To do:
Reproduce every line of the data, exactly and without its pictures.
___ Data section
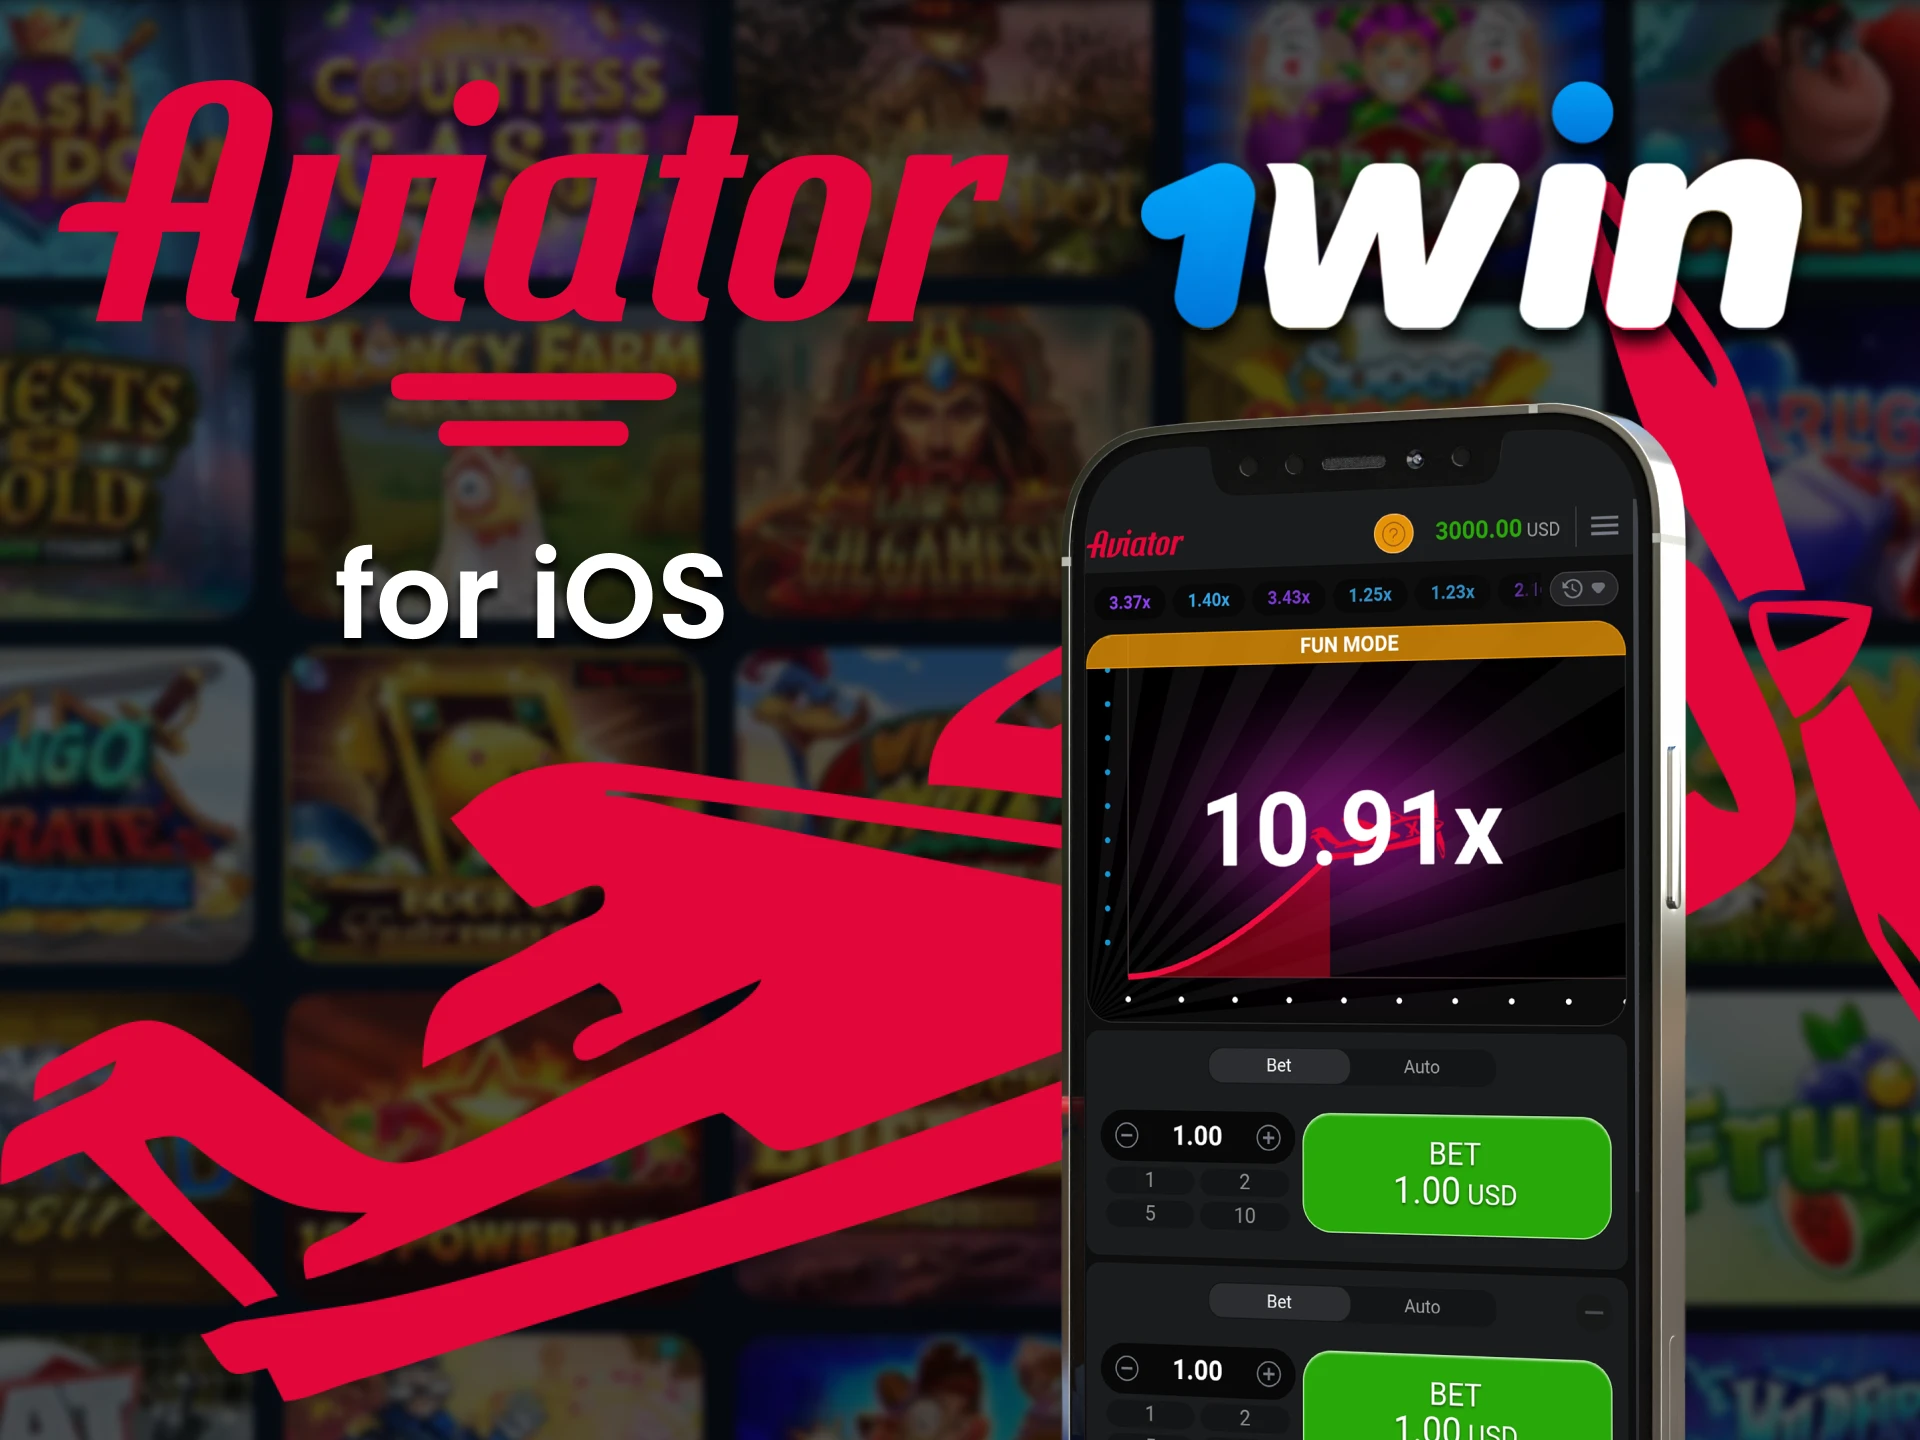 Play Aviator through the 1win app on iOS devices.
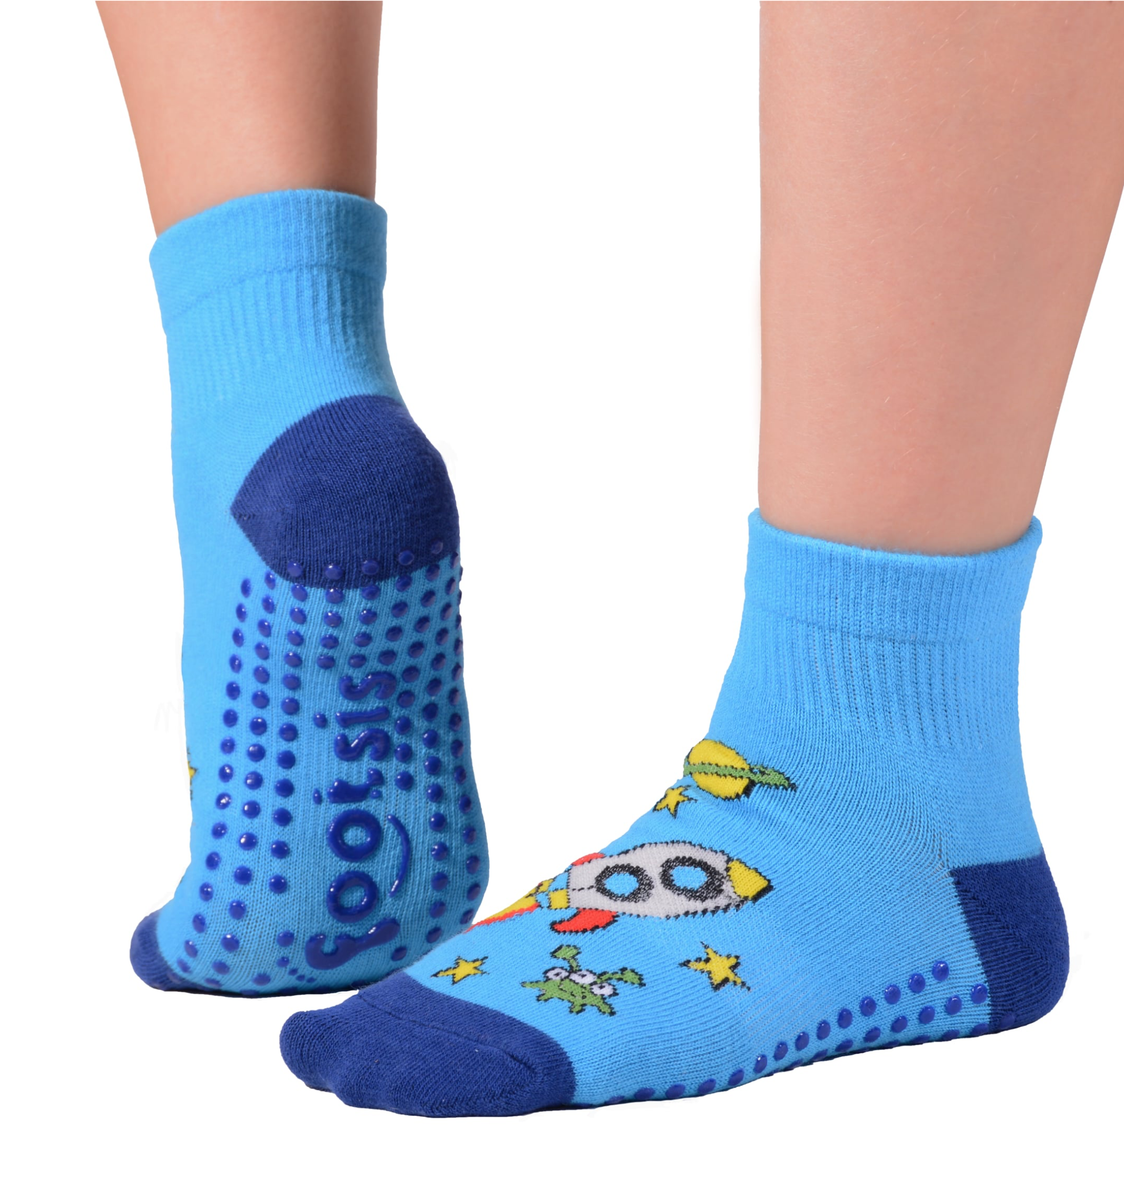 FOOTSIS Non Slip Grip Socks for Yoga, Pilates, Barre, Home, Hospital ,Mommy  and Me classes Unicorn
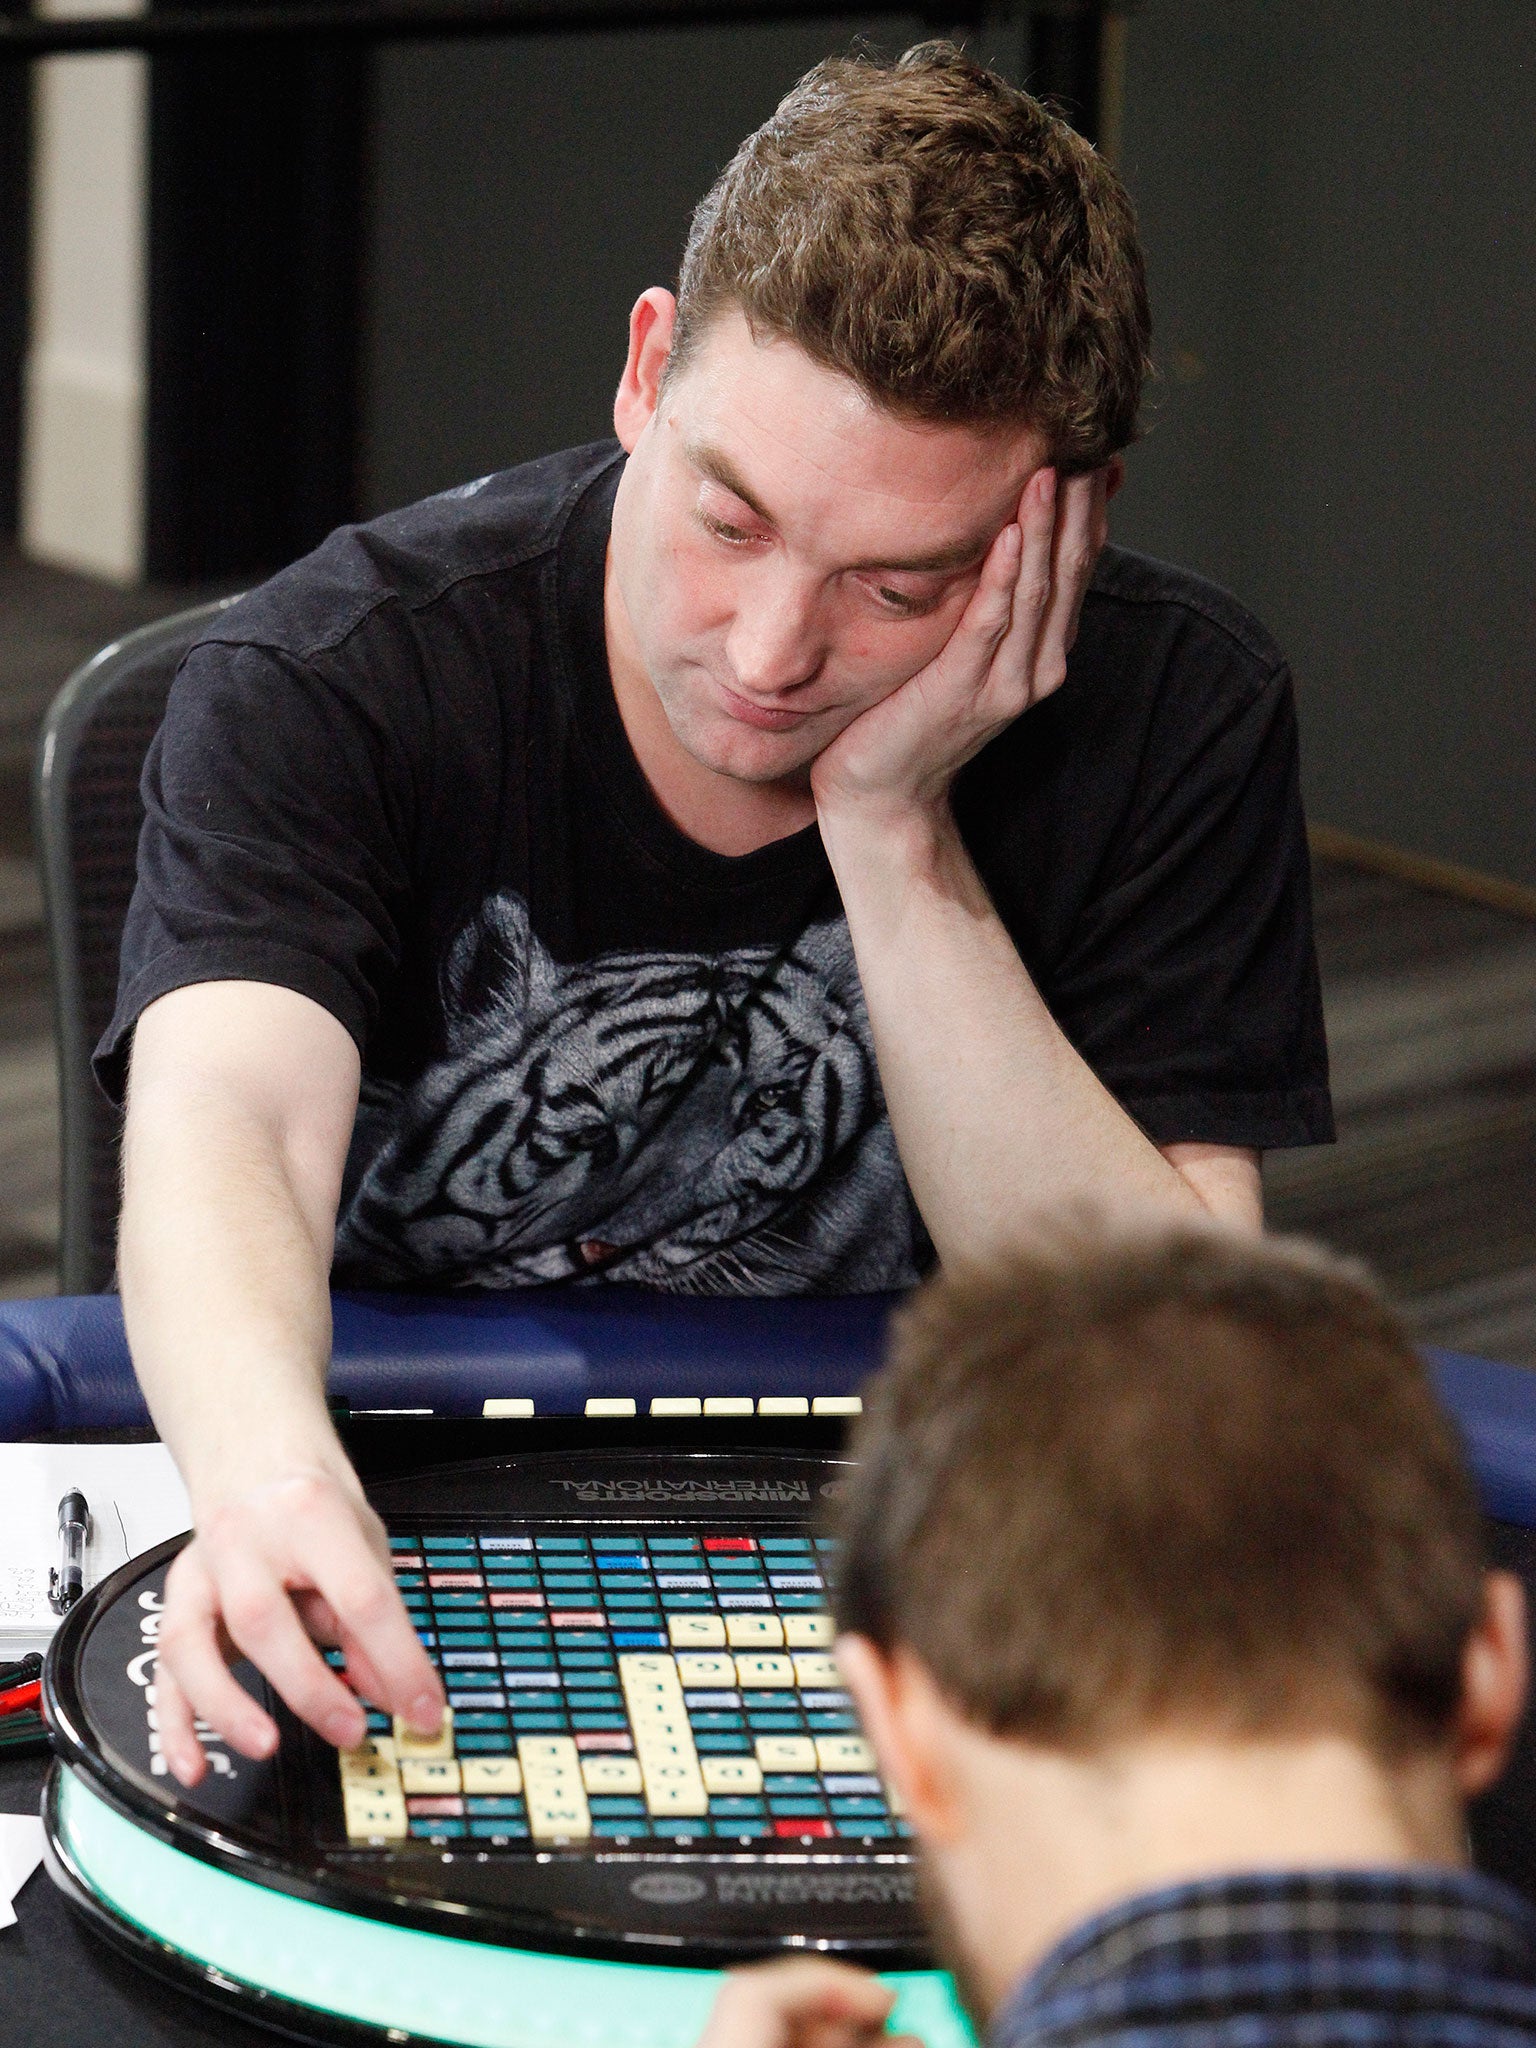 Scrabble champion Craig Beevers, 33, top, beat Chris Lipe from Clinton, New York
______
Answer to this exercise:
 Play Aviator through the 1win app on iOS devices.
 FOOTSIS Non Slip Grip Socks for Yoga, Pilates, Barre, Home, Hospital ,Mommy  and Me classes Unicorn
 Scrabble champion Craig Beevers, 33, top, beat Chris Lipe from Clinton, New York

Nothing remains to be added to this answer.